Exercise requirements: Don't include any picture when you restate the data word for word.

Collected material:
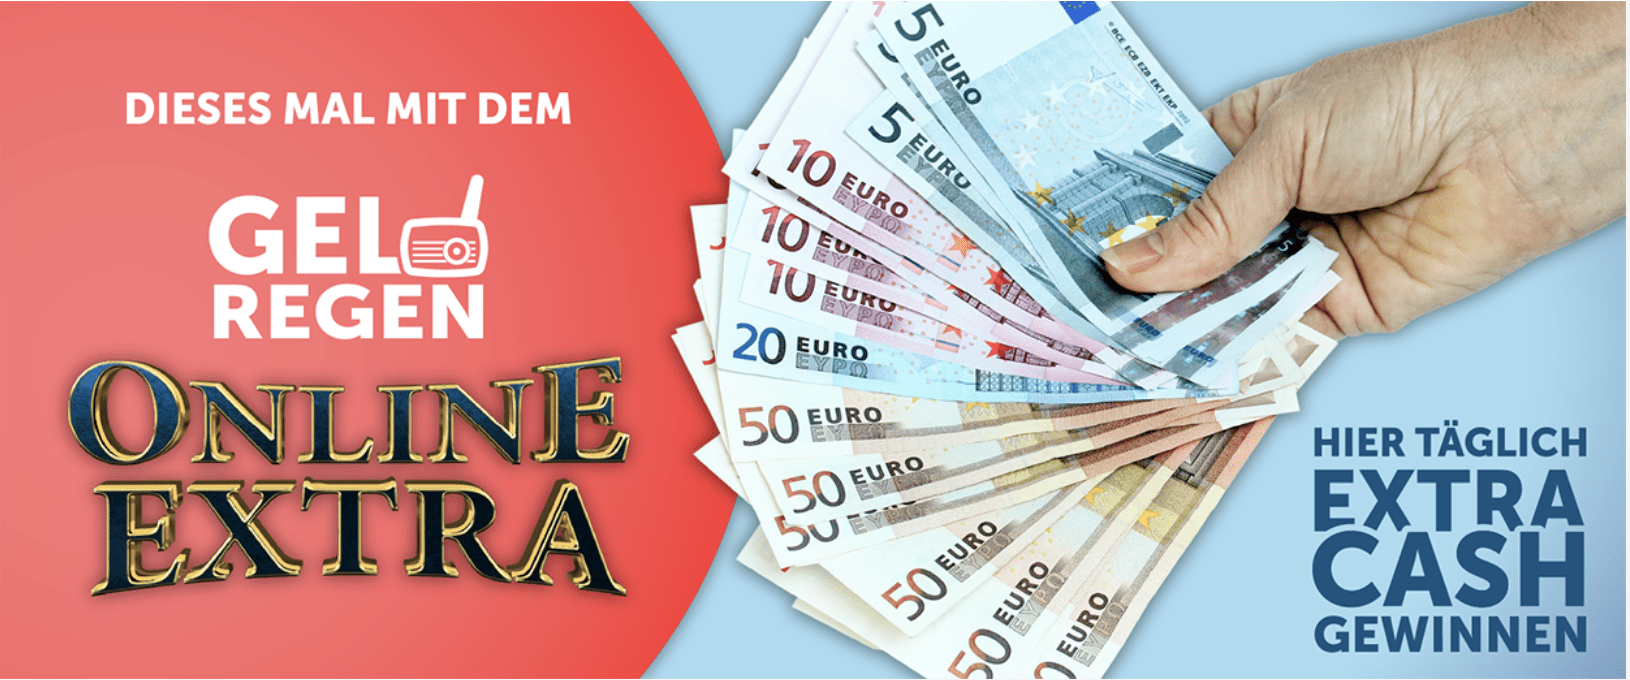 Gewinnspiel-Cases Radio & TV Geldregen online extra
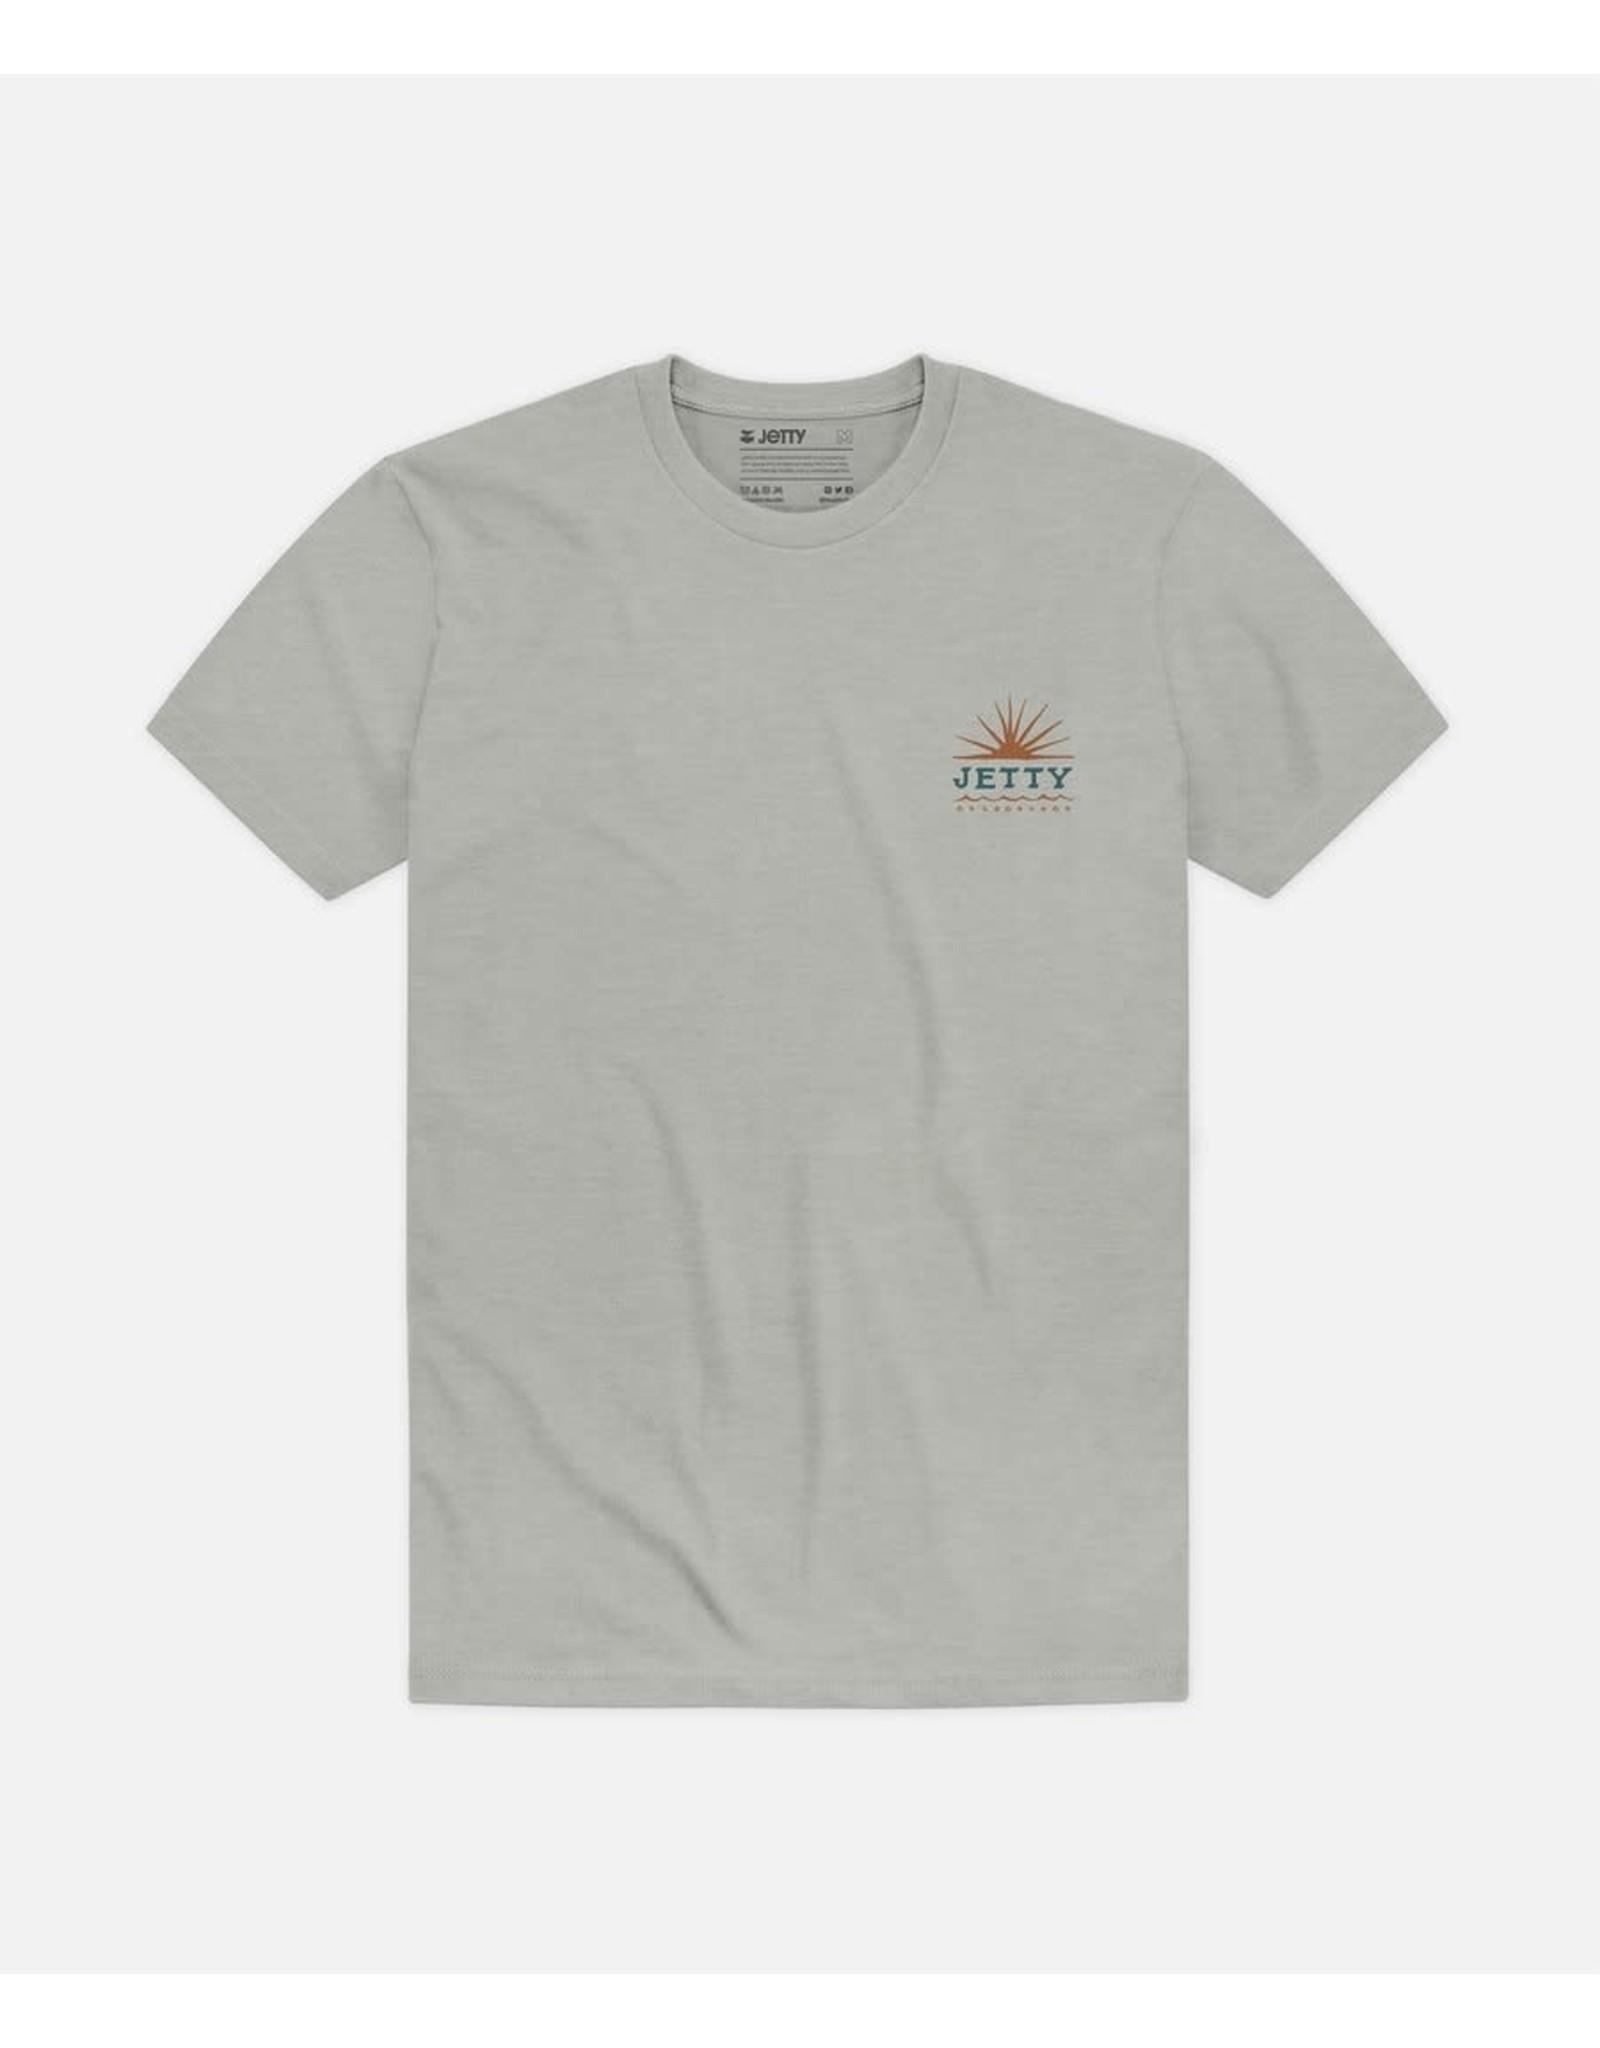 Jetty Scorpion T-Shirt STN
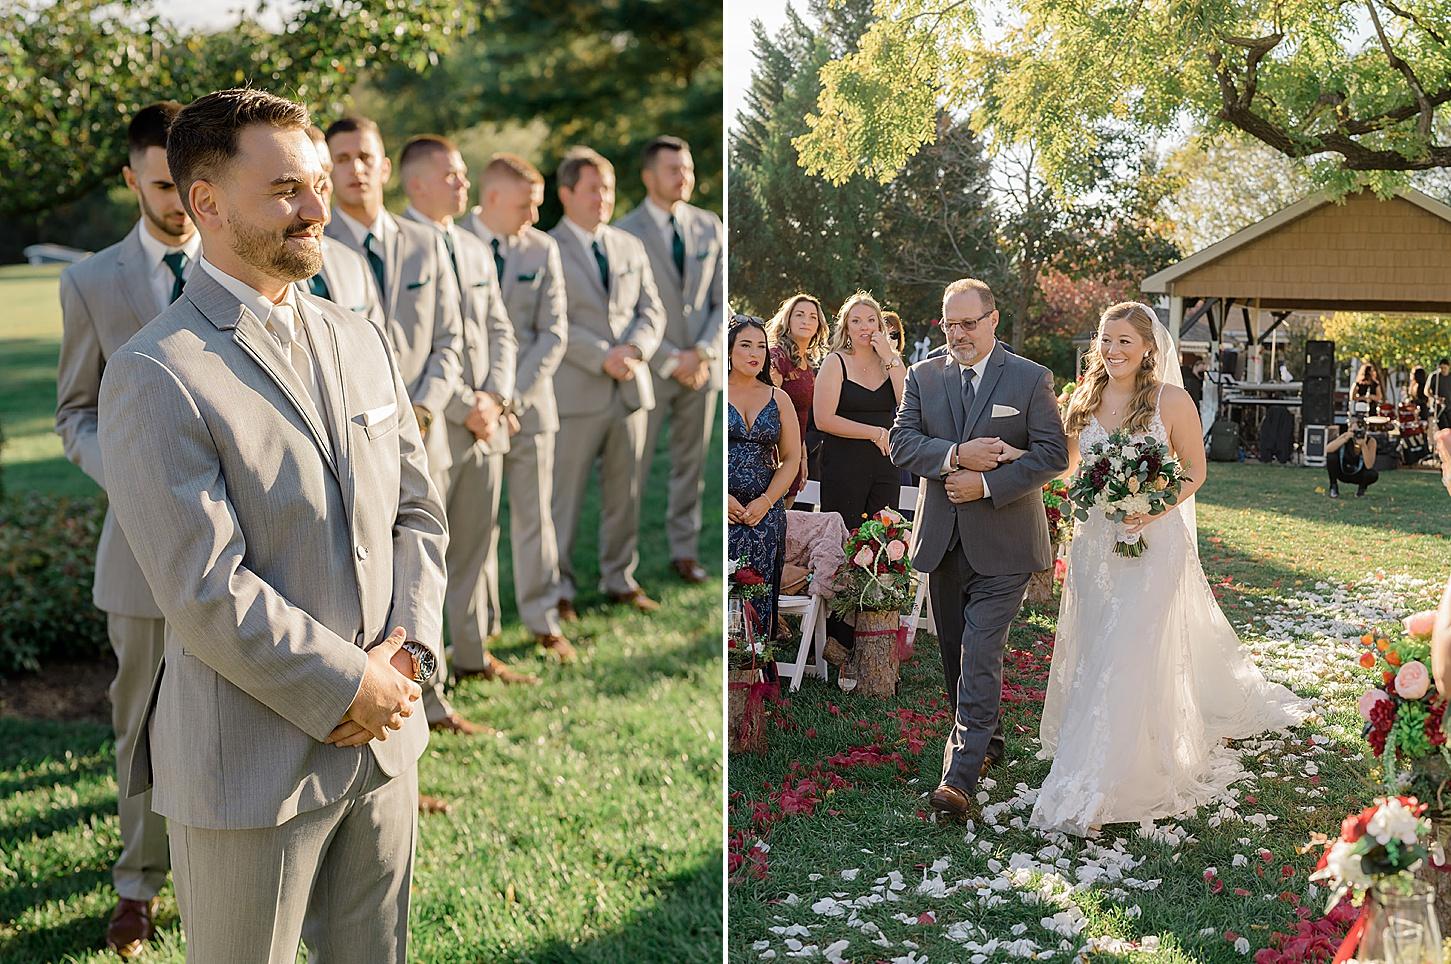 Valenzano Winery Vitners Pavillion Wedding Photography by Magdalena Studios 0020

Exercise response:
 Gewinnspiel-Cases Radio & TV Geldregen online extra
 Jetty Scorpion T-Shirt STN
 Valenzano Winery Vitners Pavillion Wedding Photography by Magdalena Studios 0020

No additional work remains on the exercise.